BEGIN Records provided

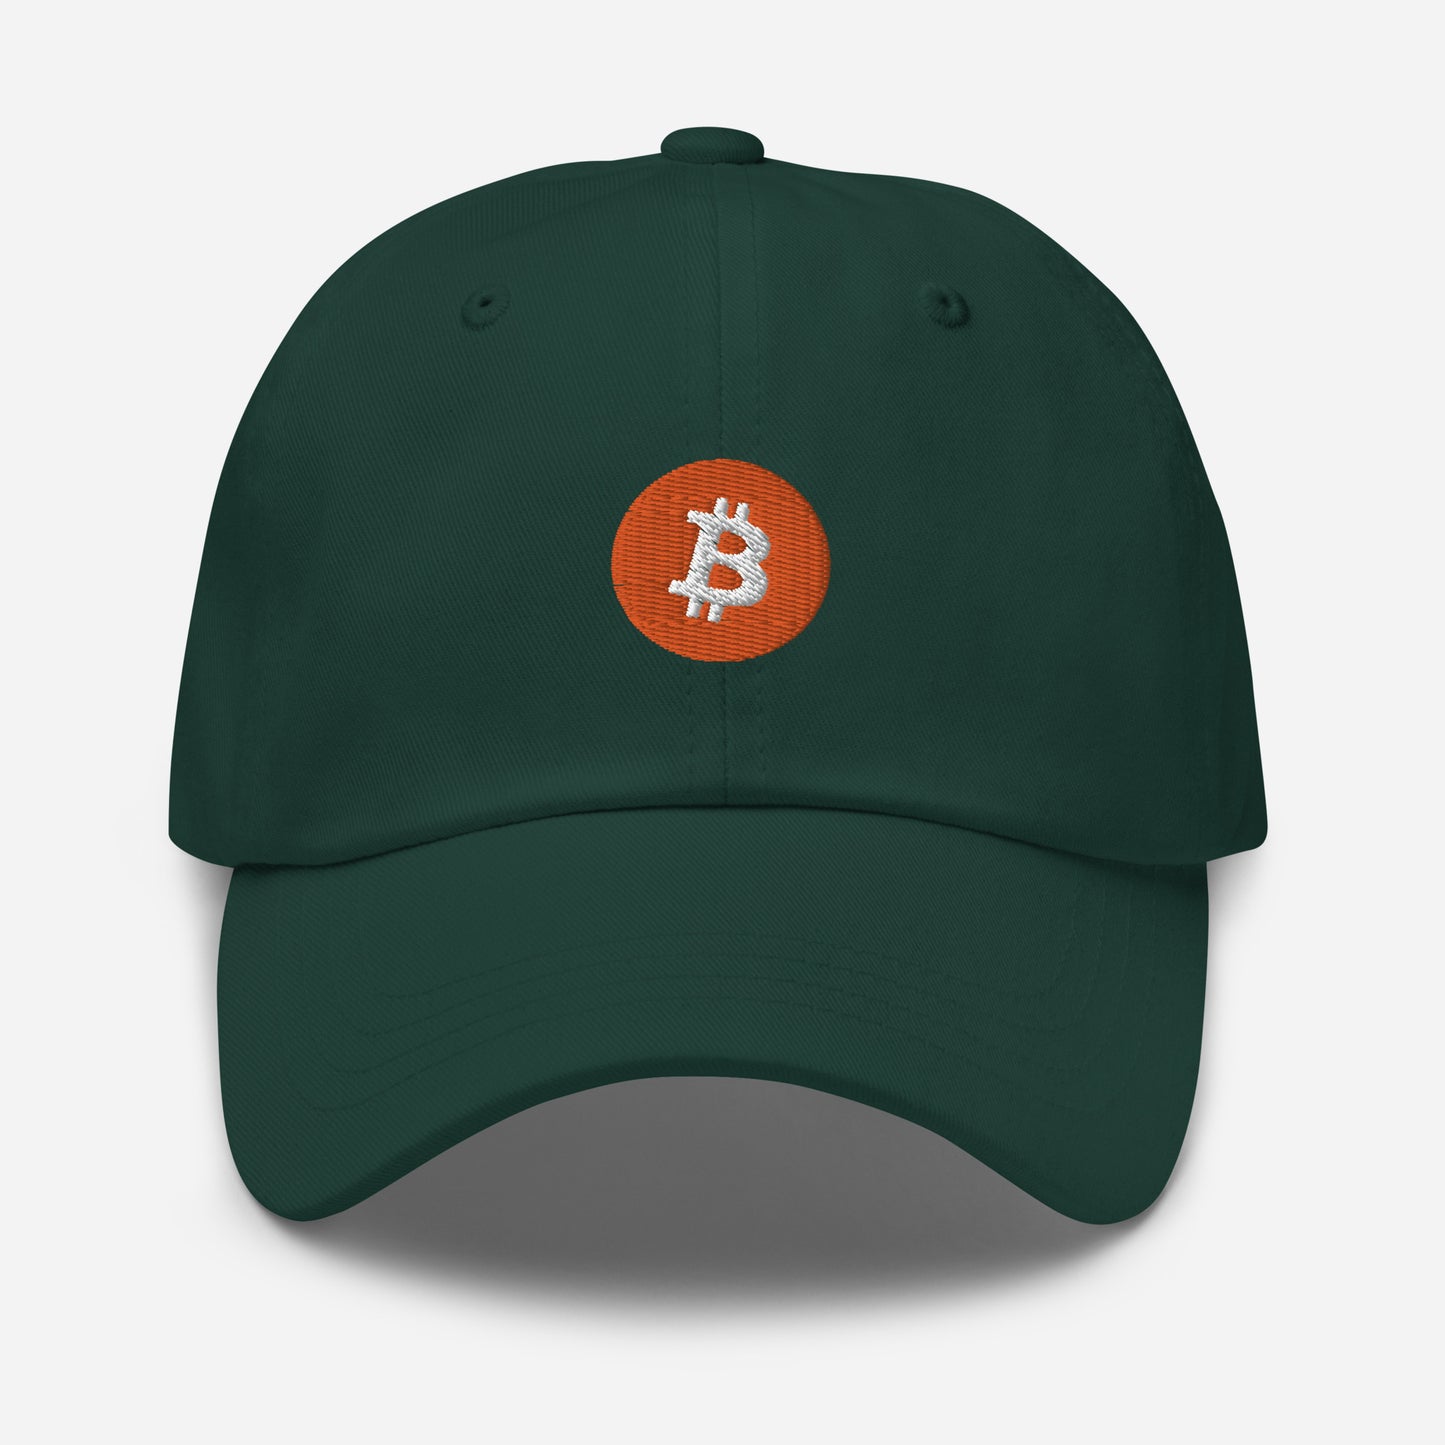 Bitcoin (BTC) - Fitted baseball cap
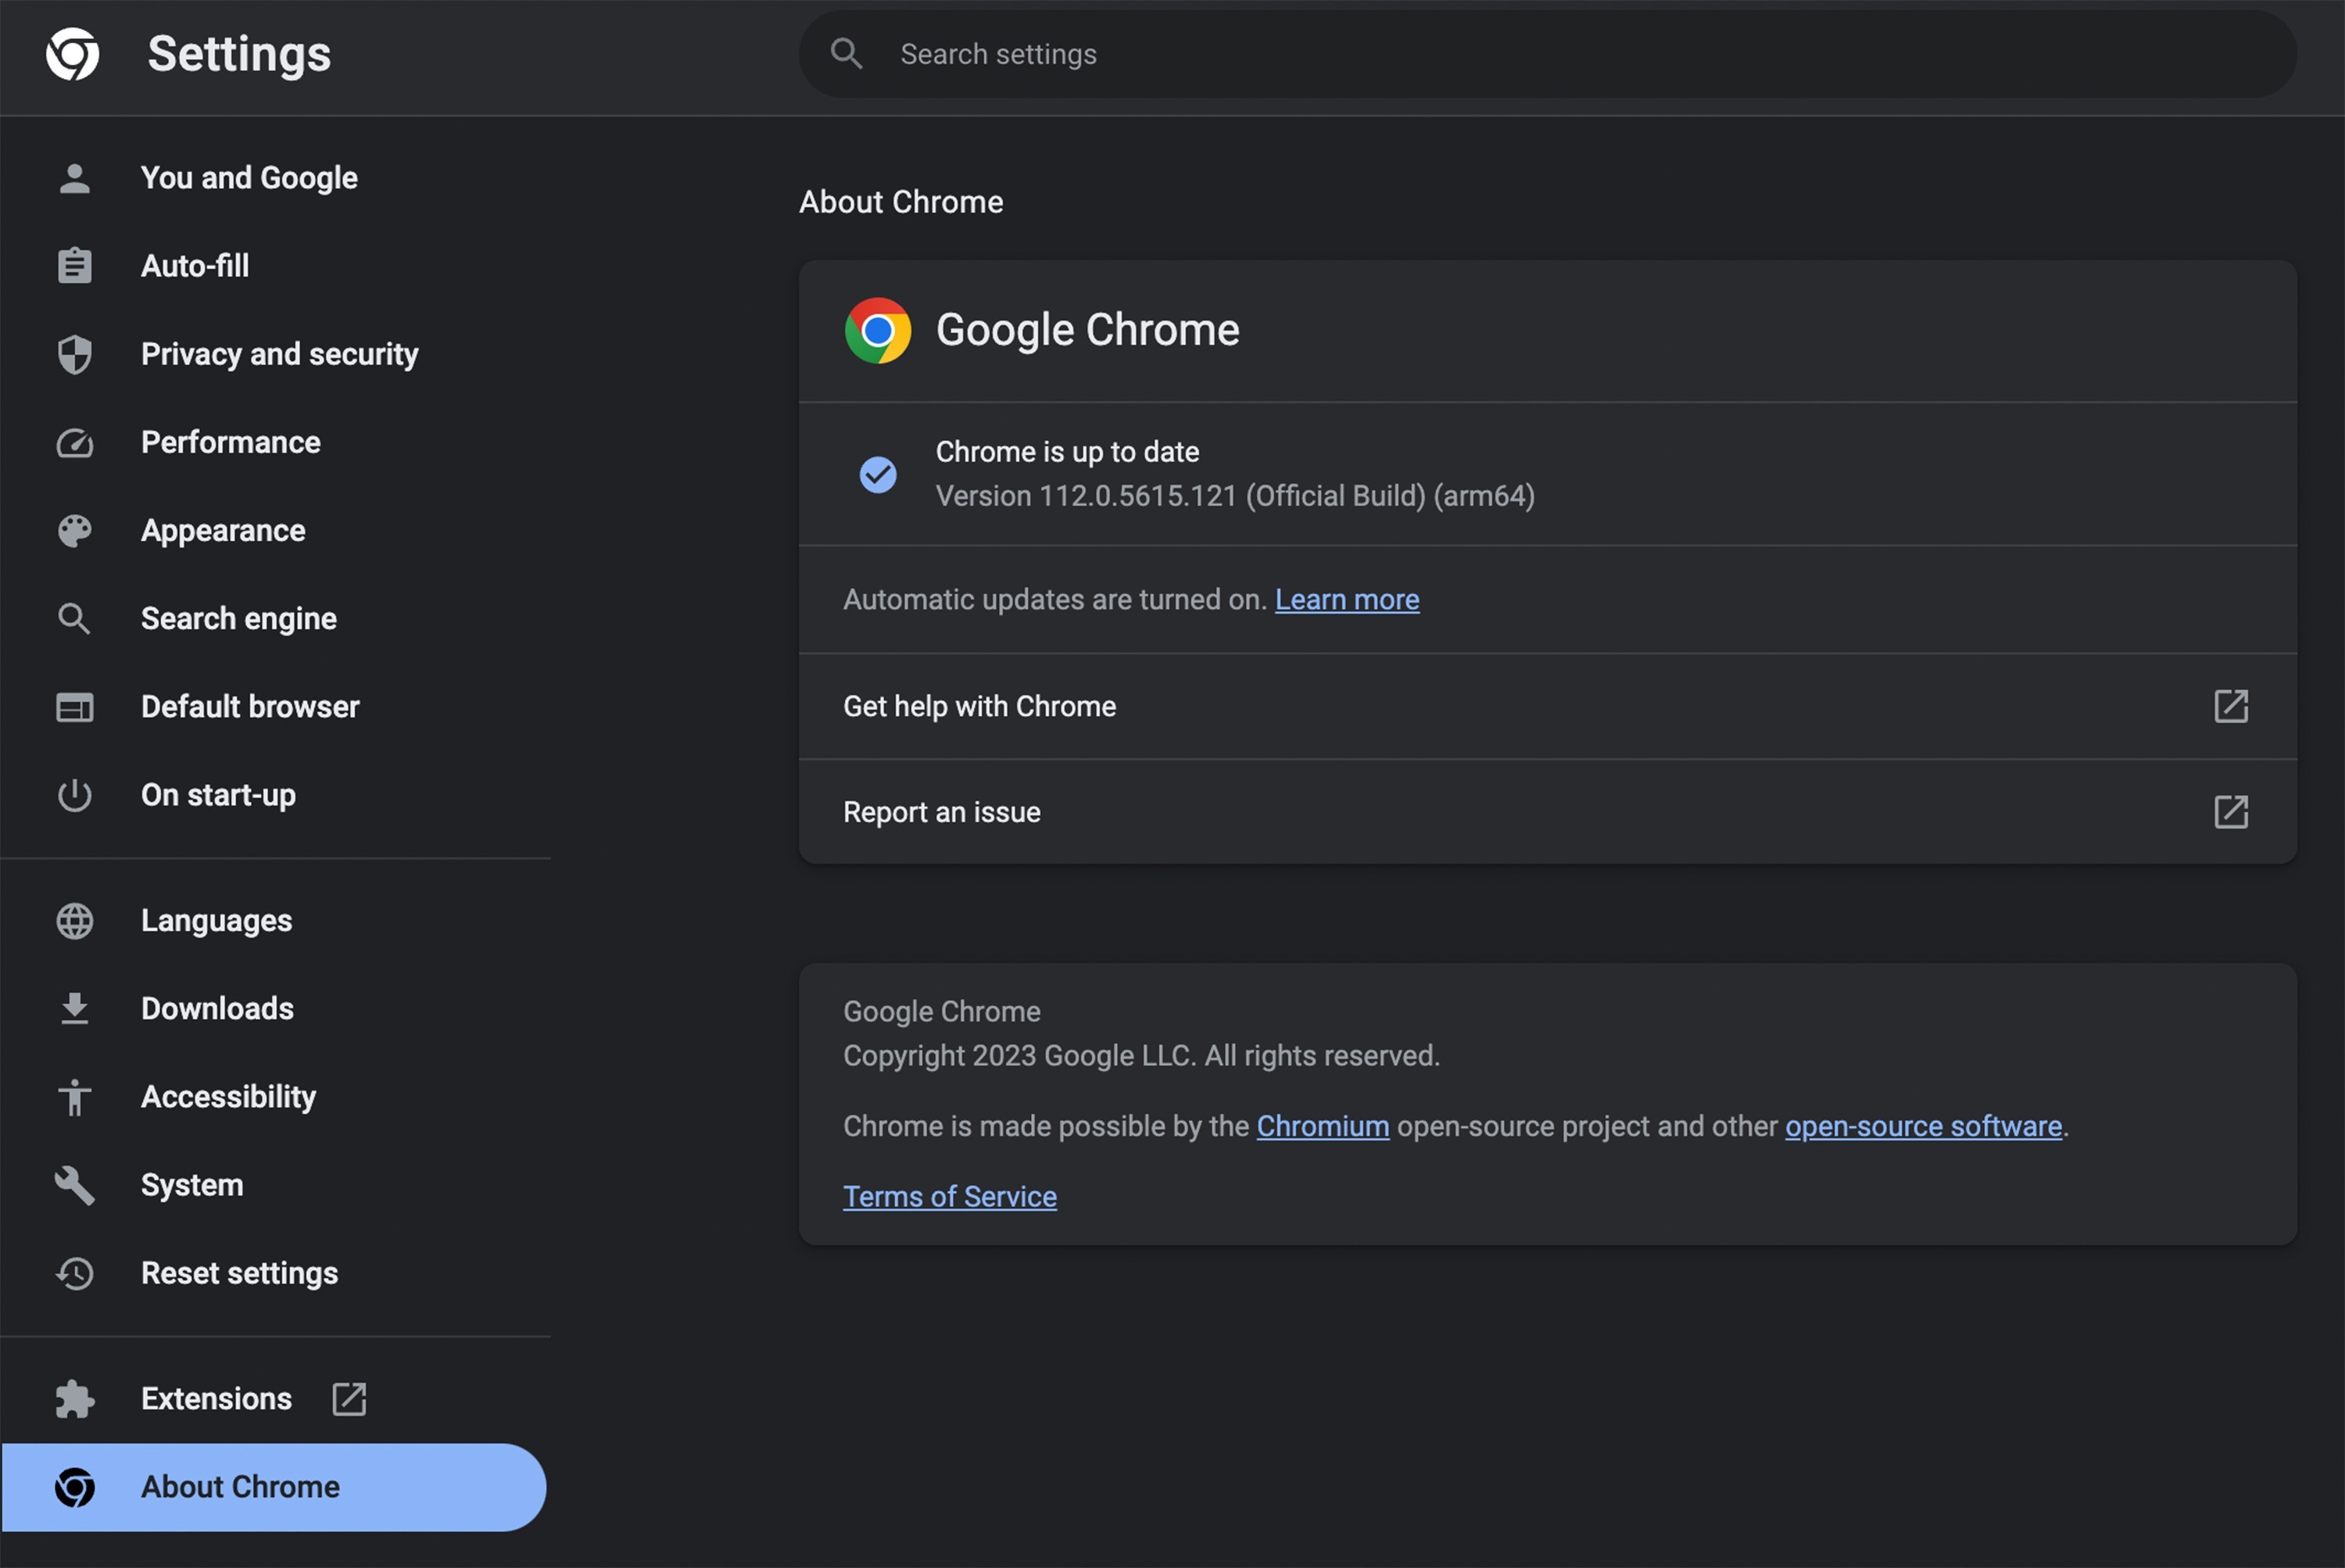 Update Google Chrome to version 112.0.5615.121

END Records provided
BEGIN Records provided

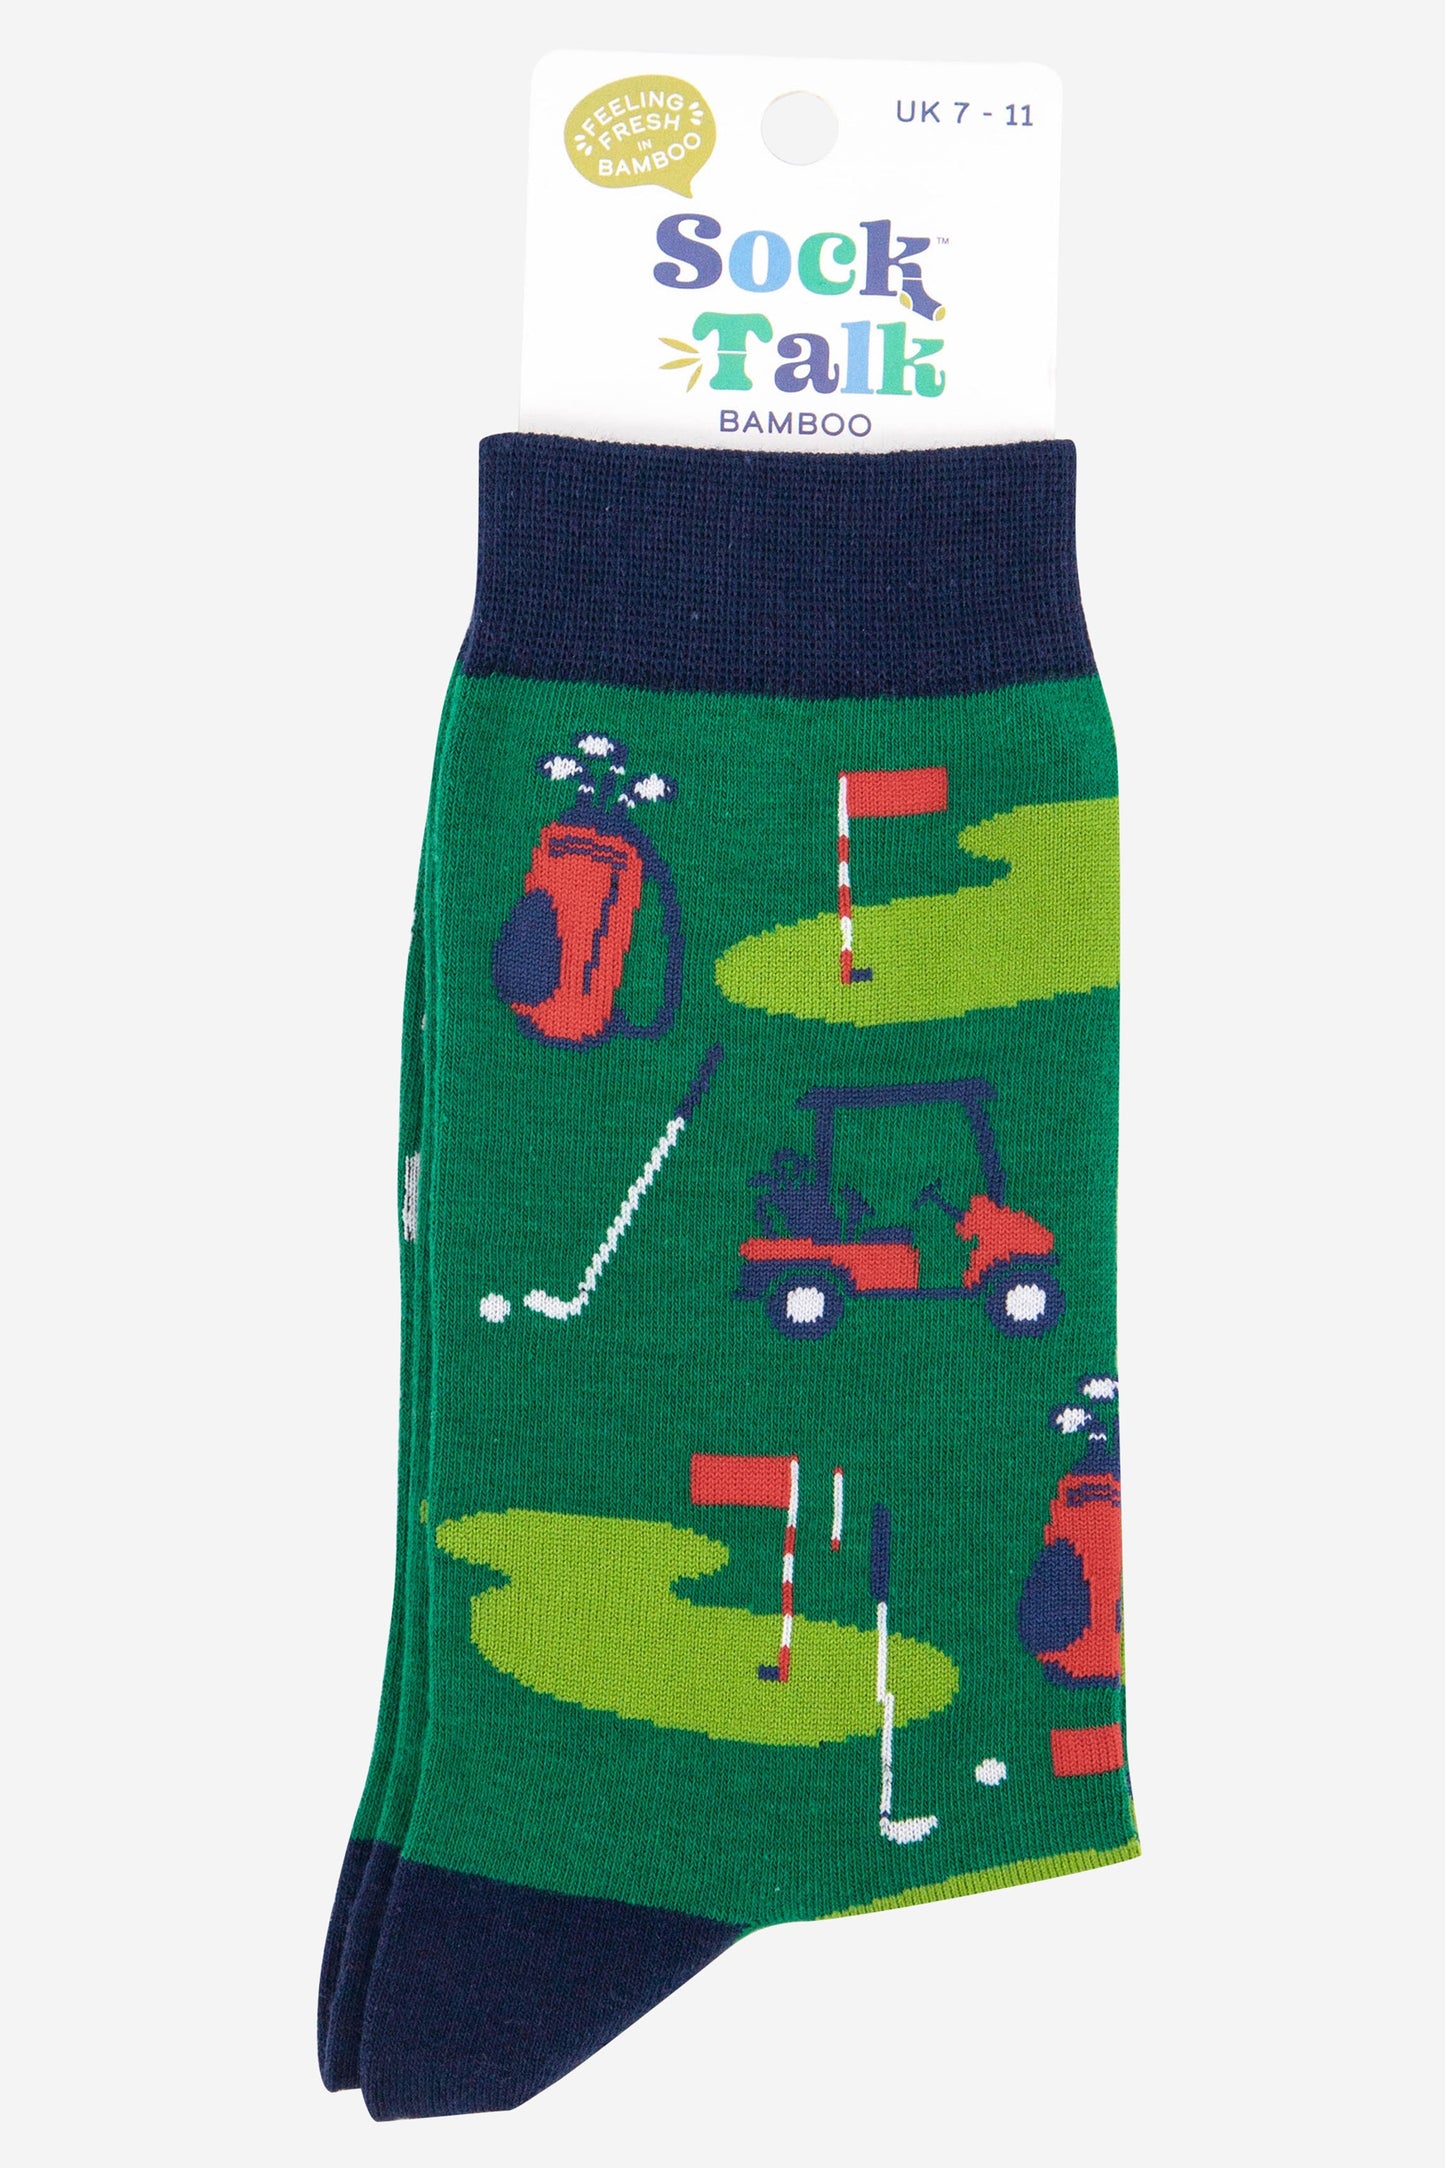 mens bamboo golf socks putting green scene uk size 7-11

END Records provided

Problem to work on
Repeat the lines above exactly, beginning with the one containing "Bitcoin (BTC) - Fitted baseball cap" and finishing with the one containing "Update Google Chrome". No pictures belong in the copy.

Answer box
 Bitcoin (BTC) - Fitted baseball cap
 Update Google Chrome to version 112.0.5615.121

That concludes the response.